_What is required_.
Search the entries for the word "Photo". Copy every line that holds it.
───── Records for processing
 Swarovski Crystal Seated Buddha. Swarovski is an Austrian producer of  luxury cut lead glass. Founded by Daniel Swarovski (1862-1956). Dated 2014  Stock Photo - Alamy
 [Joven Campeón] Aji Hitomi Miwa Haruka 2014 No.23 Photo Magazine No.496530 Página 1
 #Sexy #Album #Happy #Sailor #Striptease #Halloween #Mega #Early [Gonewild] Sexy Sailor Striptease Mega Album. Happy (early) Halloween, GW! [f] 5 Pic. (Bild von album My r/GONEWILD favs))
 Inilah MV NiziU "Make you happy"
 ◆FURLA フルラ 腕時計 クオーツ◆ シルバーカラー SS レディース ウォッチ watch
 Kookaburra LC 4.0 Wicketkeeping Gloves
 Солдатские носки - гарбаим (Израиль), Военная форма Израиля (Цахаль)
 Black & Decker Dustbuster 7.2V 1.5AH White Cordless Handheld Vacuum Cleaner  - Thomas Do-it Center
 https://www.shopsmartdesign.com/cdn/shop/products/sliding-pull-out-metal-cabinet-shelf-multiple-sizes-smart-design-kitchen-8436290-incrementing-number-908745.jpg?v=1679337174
──────────
_Exercise result_.
 Swarovski Crystal Seated Buddha. Swarovski is an Austrian producer of  luxury cut lead glass. Founded by Daniel Swarovski (1862-1956). Dated 2014  Stock Photo - Alamy
 [Joven Campeón] Aji Hitomi Miwa Haruka 2014 No.23 Photo Magazine No.496530 Página 1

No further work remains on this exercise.